• Dataset extract:
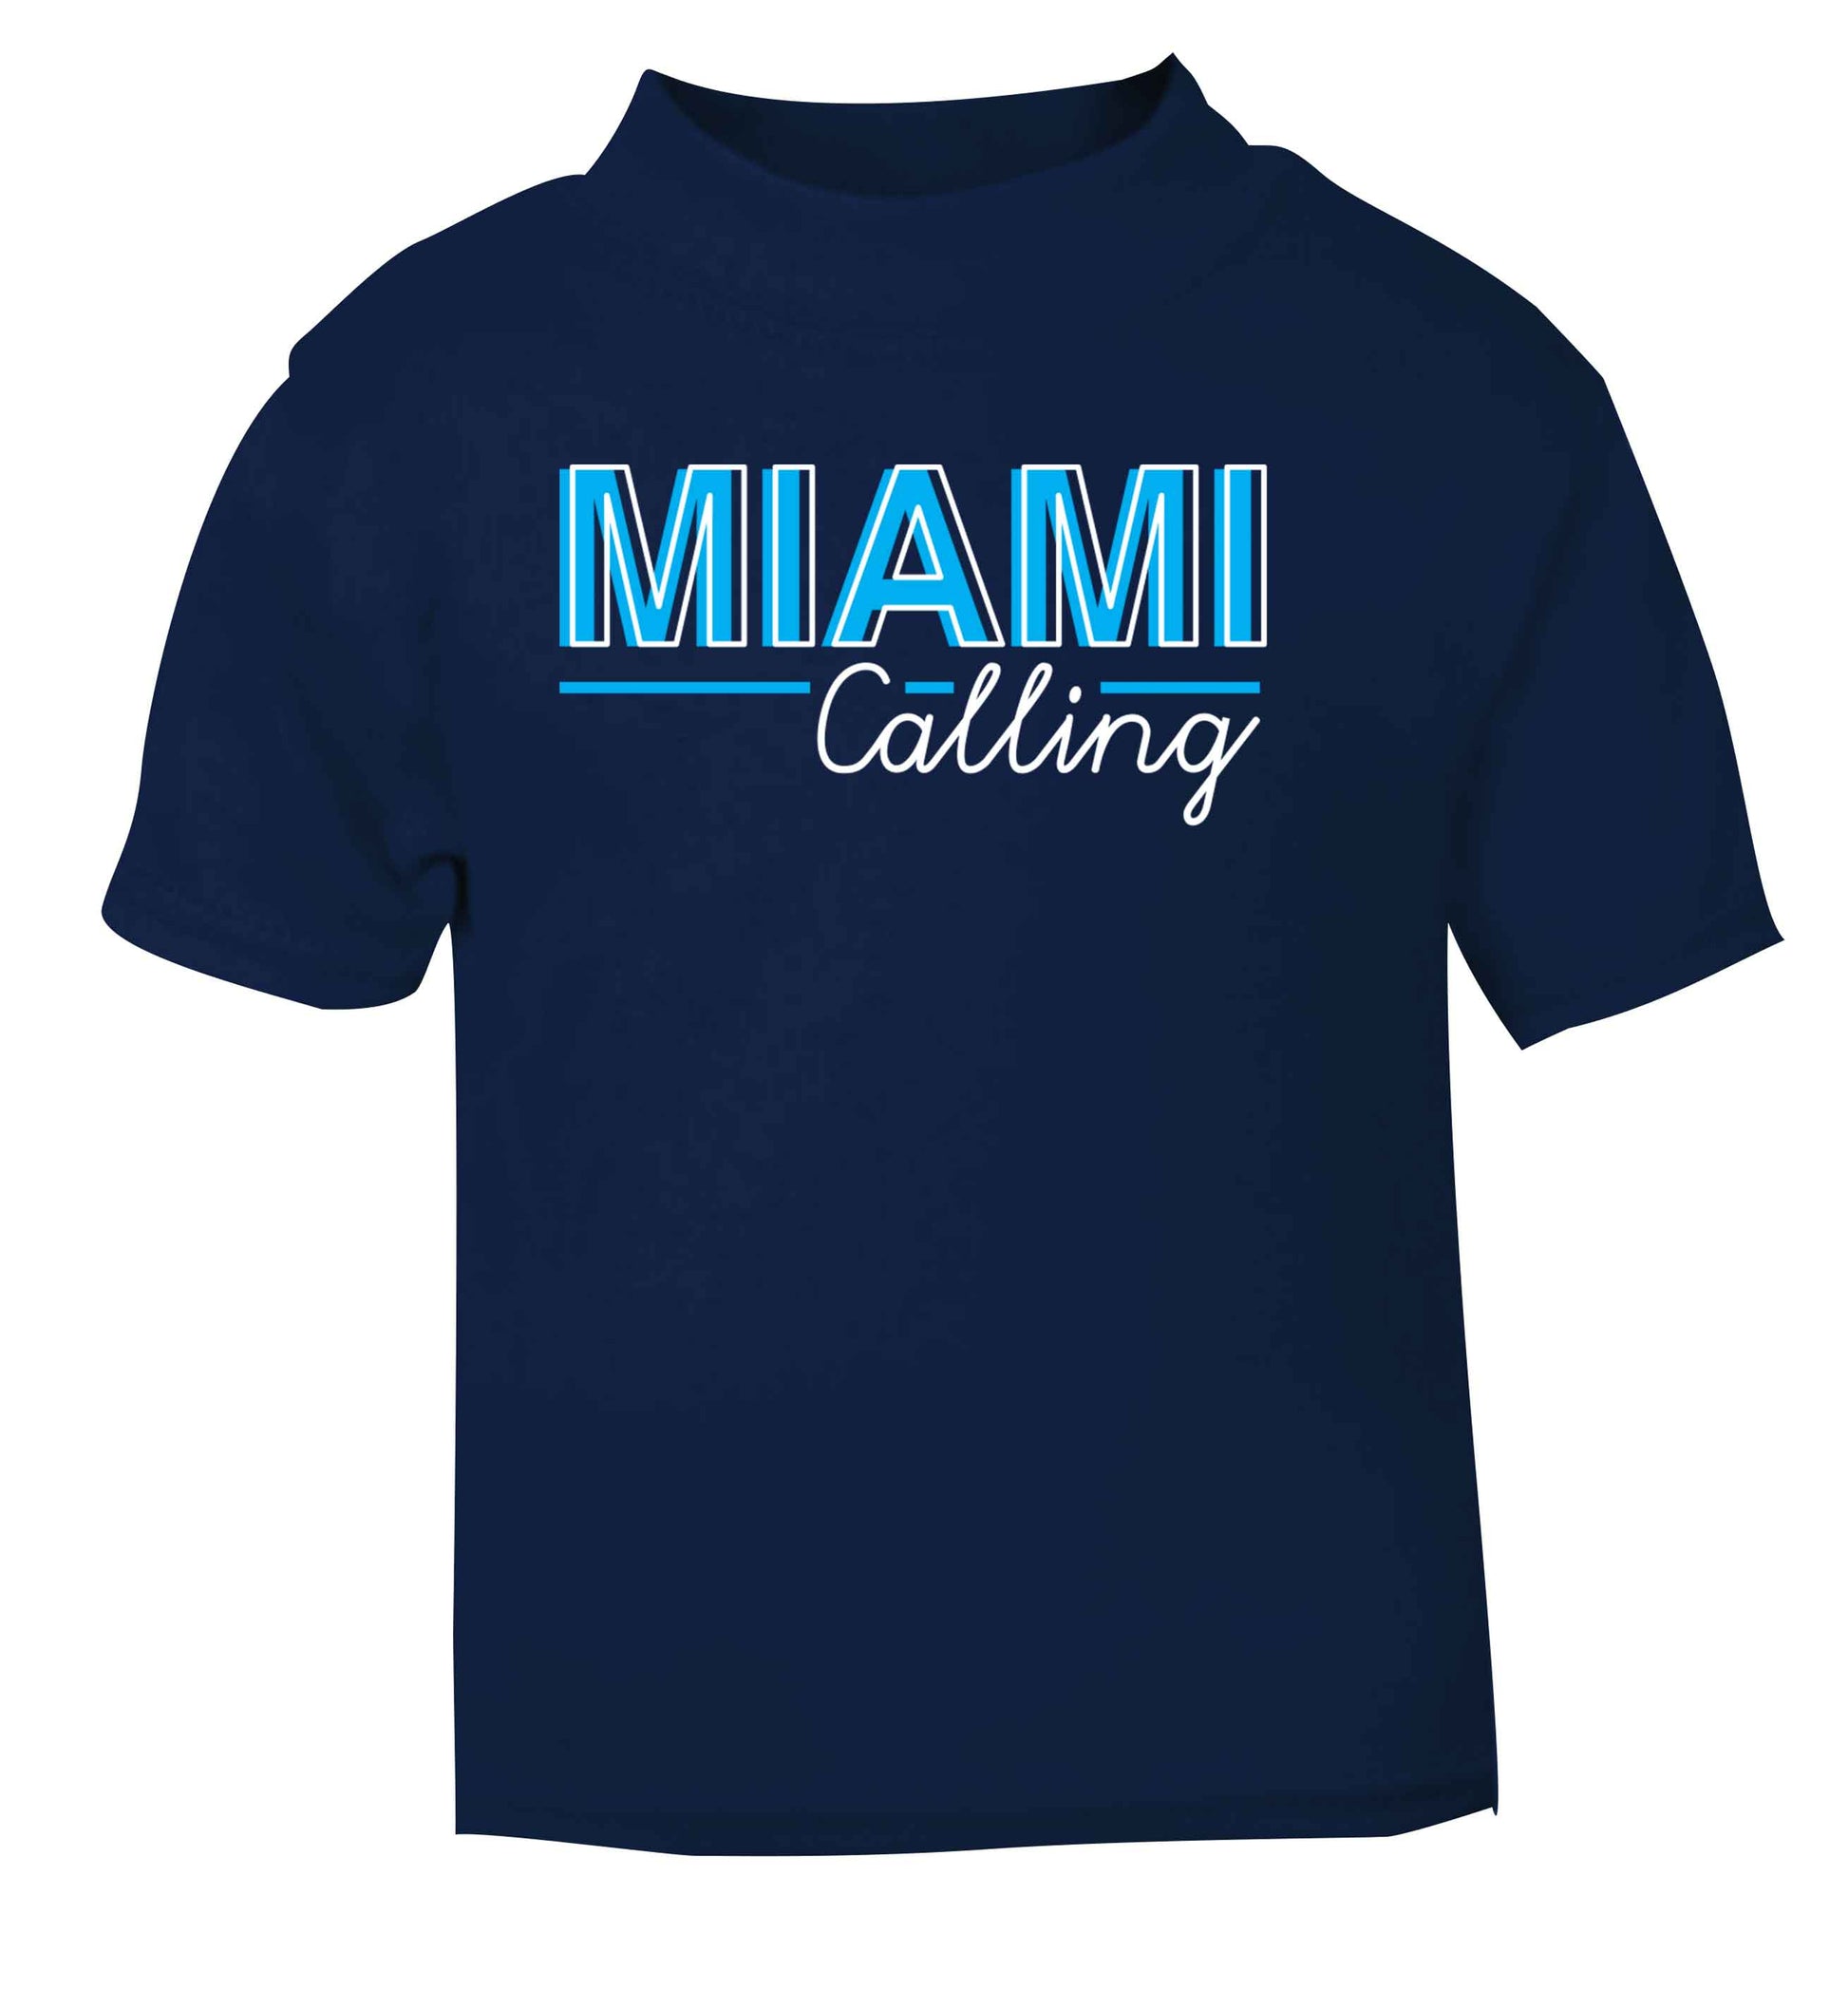 Miami calling navy Baby Toddler Tshirt 2 Years
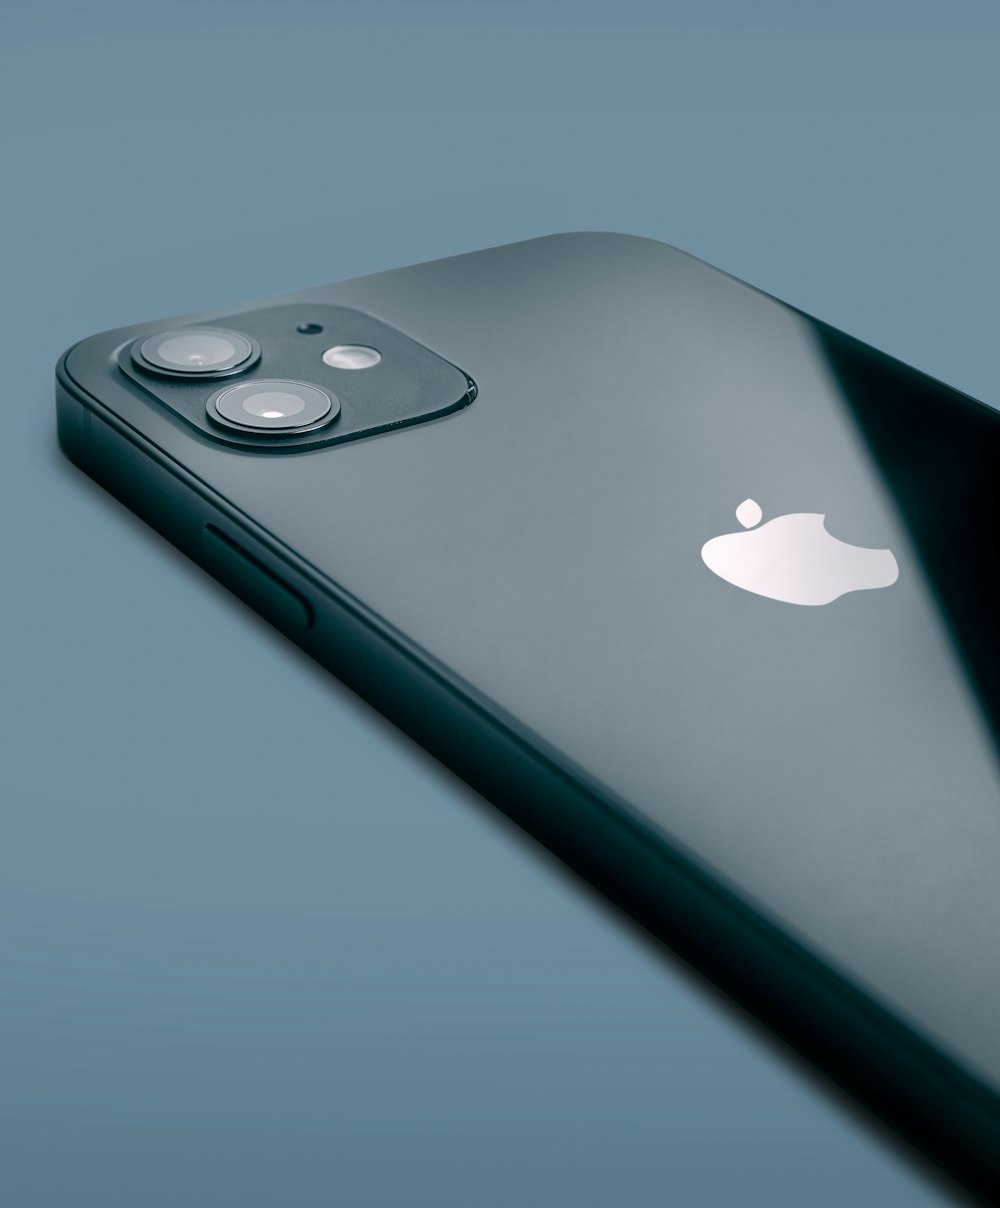 iPhone 6 argento su superficie blu
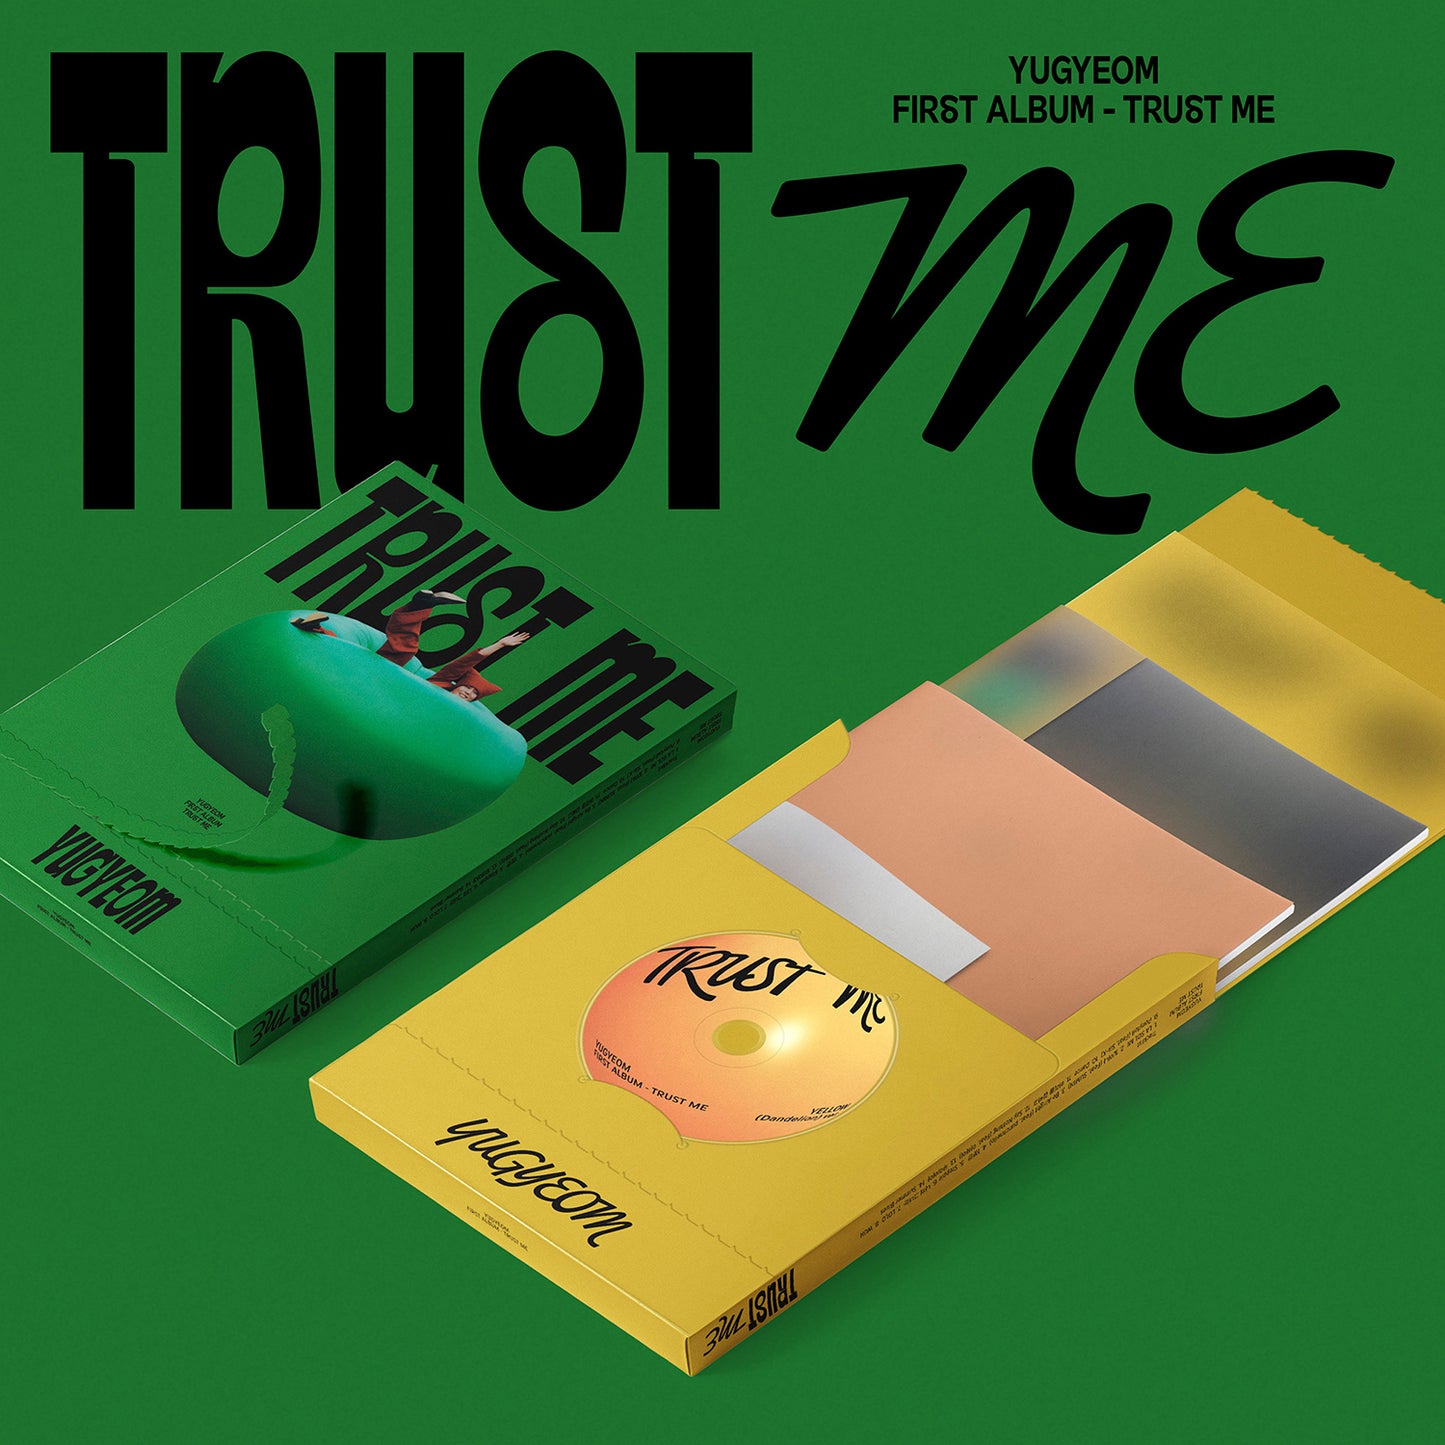 YUGYEOM FIRST ALBUM - TRUST ME
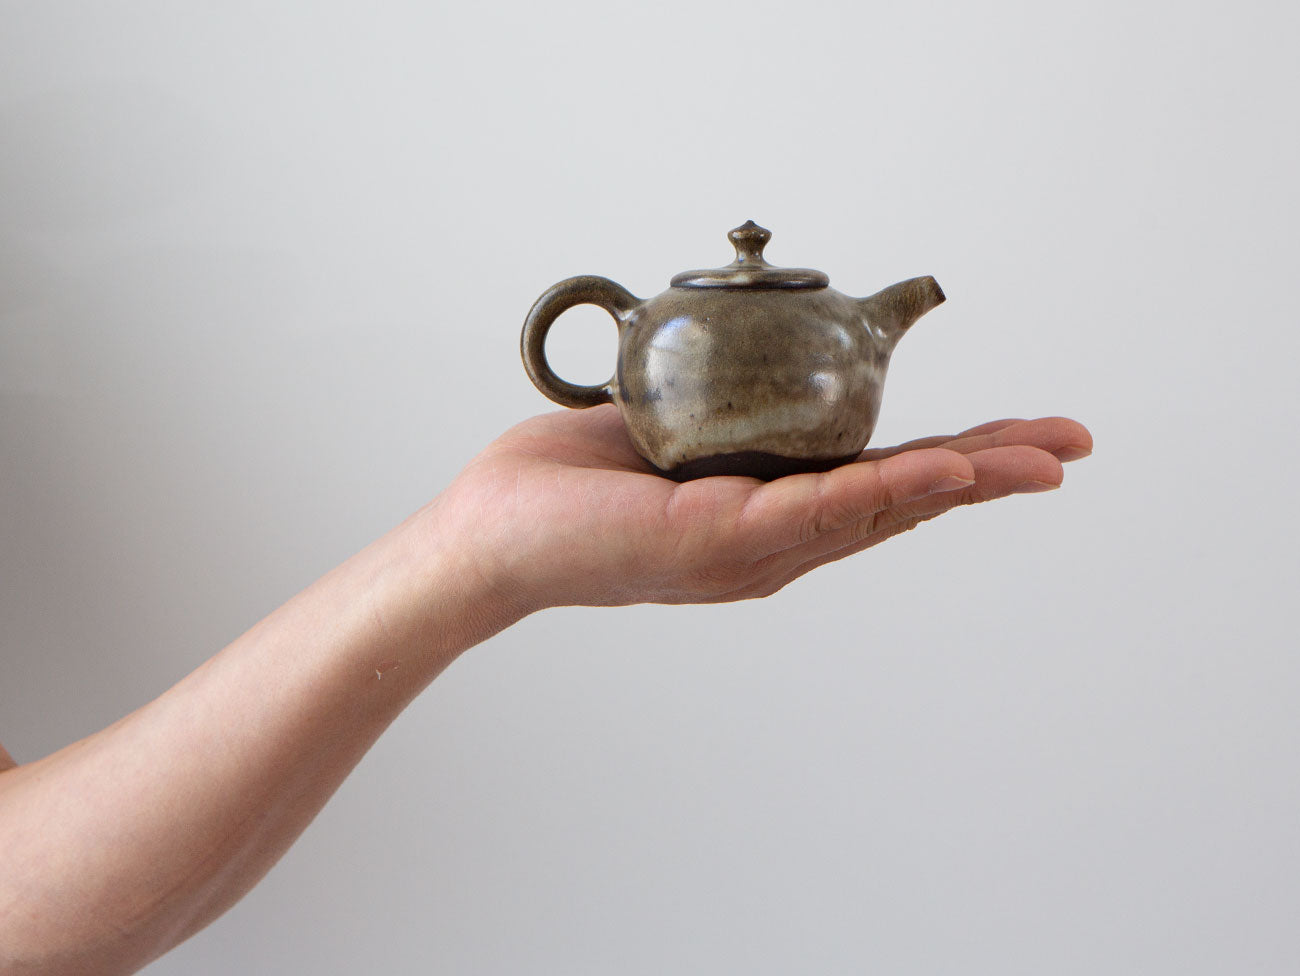 Wood-fired teapot, Constantin, Liao Guo Hua.

• How to complete this task: Starting with the line that contains "iPhone 6 argento su superficie blu", repeat each line exactly through the last line of the data above, and nothing more; the pictures stay out.

• Output below:
 iPhone 6 argento su superficie blu
 YUGYEOM FIRST ALBUM - TRUST ME
 Wood-fired teapot, Constantin, Liao Guo Hua.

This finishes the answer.